Distributed transaction & message queue

Started by
11 comments, last by hplus0603 9 years, 4 months ago

Recently I've been working on finding a proper solution for distributed transaction, and I found this: http://www.codeofhonor.com/blog/wp-content/uploads/2012/04/Patrick-Wyatt-Writing-reliable-online-game-services.pdf

The pdf file's content comes from a lecture by Patrick Wyatt in GDC 2012, and I believe many guys have read it.

In this lecture, Patrick showed how he solved the consistency of trade between two players distributed in two different databases(not by using XA), the approach is to achieve 'eventual consistency' by using a consistent 'transaction queue'. I will explain this approach below briefly.

------------------>>>>

1. Let's suppose player1 is in db1, player2 is in db2. And player1 wanna give $10 to player2.

2. We first commit a transaction to db1, like this


begin_transaction_in_db1
  update player set money = money - 10 where id = money_giver_id;
  insert into transaction_queue values(db2, 'increase_player_money', money_receiver_id, 10);
end_transaction

What we insert into the table transaction_queue is essentially a promise-- we will increase the money_receiver's money in the future.

3. A worker process will scan the table transaction_queue in db1, and when it gets the new record inserted above, it will commit a transaction to db2, like this


begin_transaction_in_db2
  update player set money = money + 10 where id = money_receiver_id;
end_transaction

4. By implementing like above, we can acheive eventual consistency.

---------------<<<<

I have found many similar idea like this, to avoid using the high-latency XA function provided by mysql.

But I'm really wondering: what if transaction2 fails while transaction1 succeeds? Apparently, we will be unable to rollback transaction1 when we find transaction2 has failed, because at that time transaction1 has been committed already...

Advertisement


what if transaction2 fails(the money_receiver does not exist any more when transaction2 is executed, e.g.)

There are two kinds of fails. One is, when the communication fails (servers crashes, networkcommunication aborted, harddisk crahed etc.) and when the data consistency fails. The first idea is, to ensure data consistency (just check it upfront), then execute the transaction. If the second (db2) transaction failed, you try to repeat it (therefor you need idempotent transactions). If it fails because of some data inconsistency, you need to revert your first transaction. Eventually there should be always some other security systems installed like don't payout any real cash until all transactions in the second db have been successfully commited.

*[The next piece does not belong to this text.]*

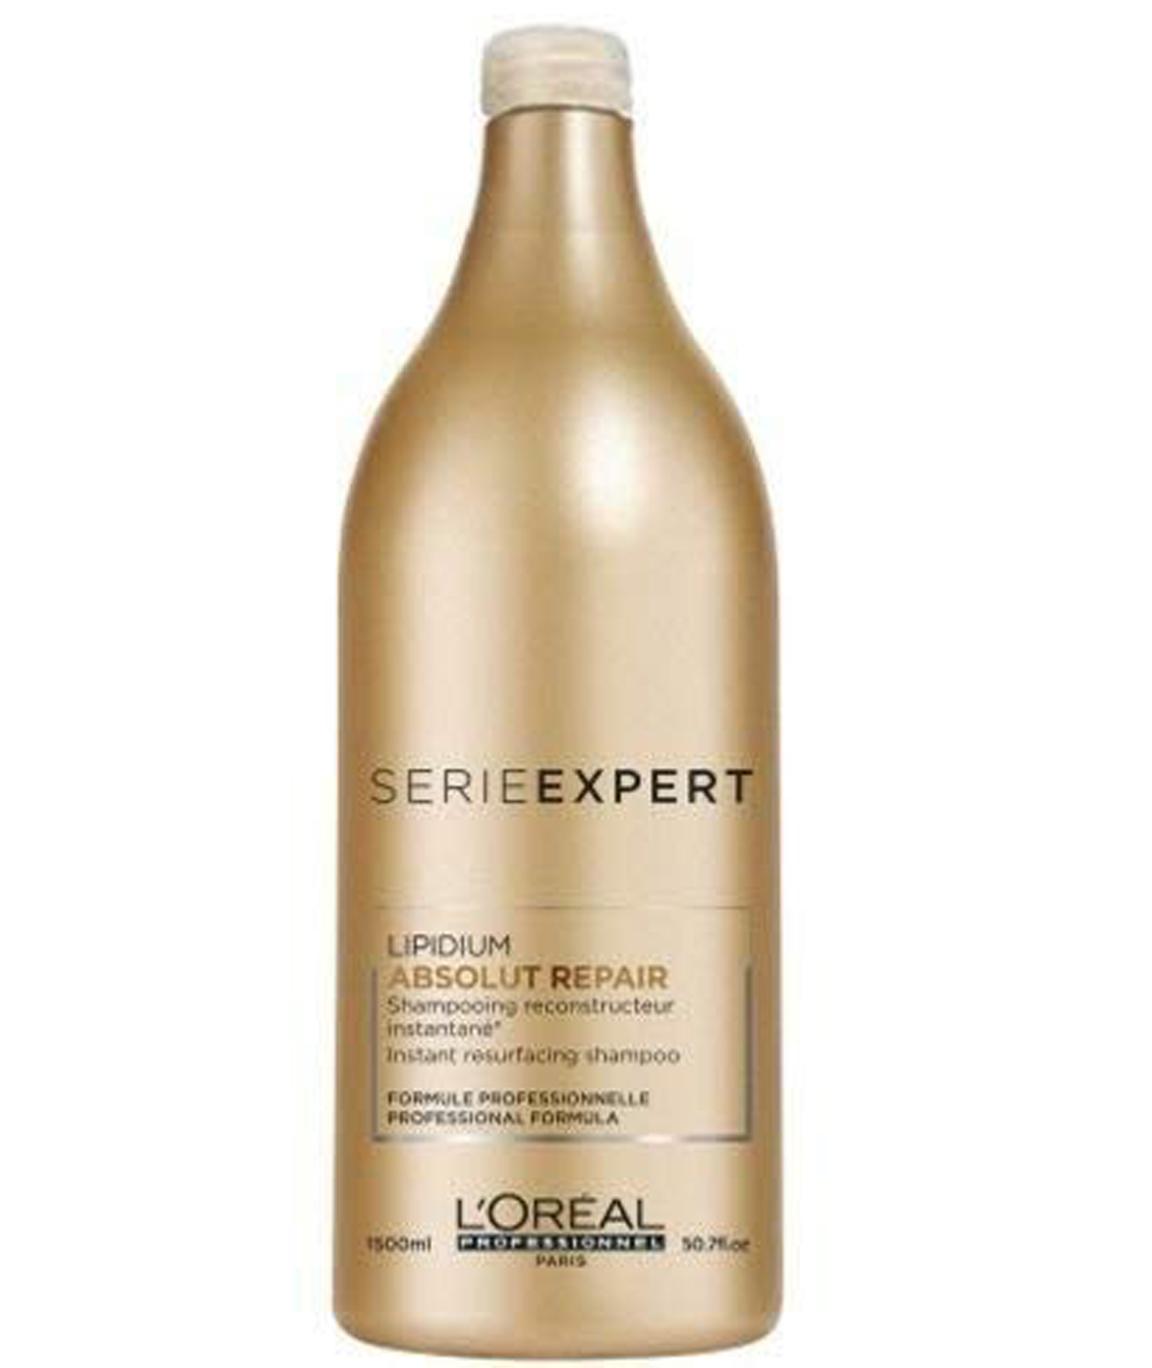 L`Oreal Paris Professionnel Expert Serie - Absolut Repair Lipidium Instant Resurfacing Shampoo for Very Damaged Hair, 1500ml/50.7oz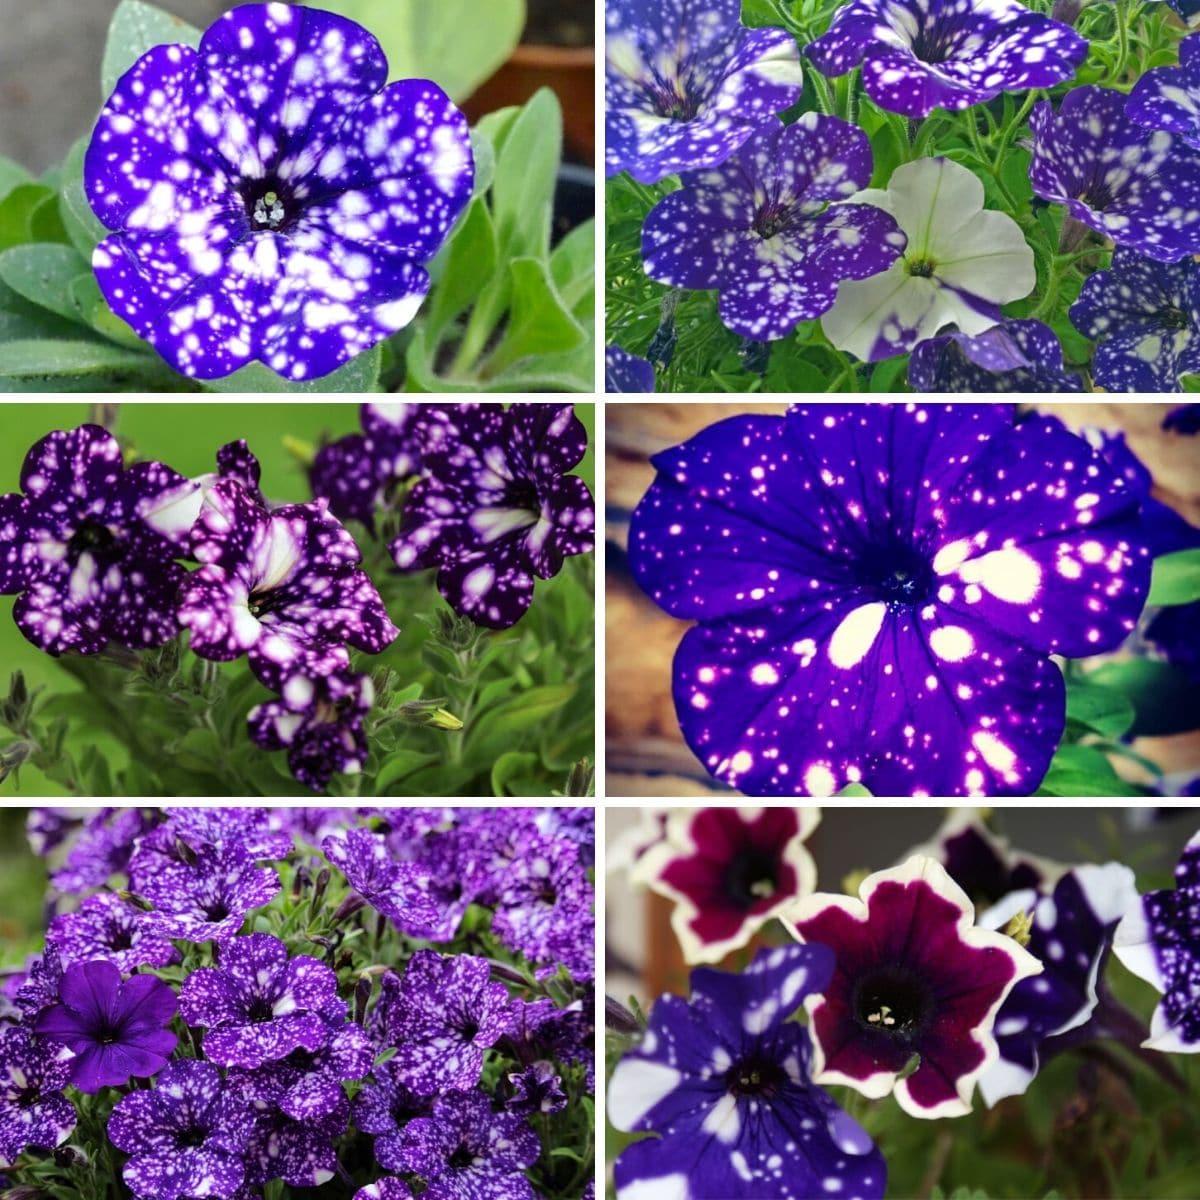 Collage photo featuring close up night sky petunias.

There is always a trade off, you can't have 100% transaction save behavior most of the time, but you can have 99.99%. If one case of the 0.01% fails, you need to handle it in an other way, most often manually. It is just important, that

1. you need a (hi-performance) way of handling the transaction for 99.99% of the data.

2. you need a way to get informations about "hard" fails.

3. you need a way to (manually) fix these hard fails.

When you use message queuing, you have to only use messages that are eventually fulfillable.
"Give X credits to player Y" is always eventually fulfillable, unless you have some business rule that forbids a balance over a limit.
If you do have such a limit, the message would be "Give X credits to player Y, but if the limit is hit, send the remaining credits to location F and send an email to the giver and recipient" or something like that.

However, "give value from A to B" isn't a very interesting use case, because it is inherently always fulfillable.
What's more interesting is two-party things, like "give X credits from A to B while transferring the flaming sword of fire from B to A."
That would have to be formulated something like:
Message A->B: "Here's X credits, give them to B and enqueue a message to give the sword to A, OR enqueue a message to refund the credits."
Message B->A: "Here is the sword." OR "Here are the credits back."
Keep re-formulating the messages and the protocol until the likelihood of failure is very small.
Also, "eventual consistency" matters here. If system B is down for a while, that's OK, as long as it eventually comes back and processes the message.
If you're in an environment where that can't be guaranteed, then the message becomes a little more complex:
Message A->B: "Here's X credits, give them to B and enqueue a message to give the sword to A, OR enqueue a message to refund the credits, OR if timing out after T time, refund the credits."
Message B->A: "Here's a sword. If timing out after time T, you're screwed and need manual intervention."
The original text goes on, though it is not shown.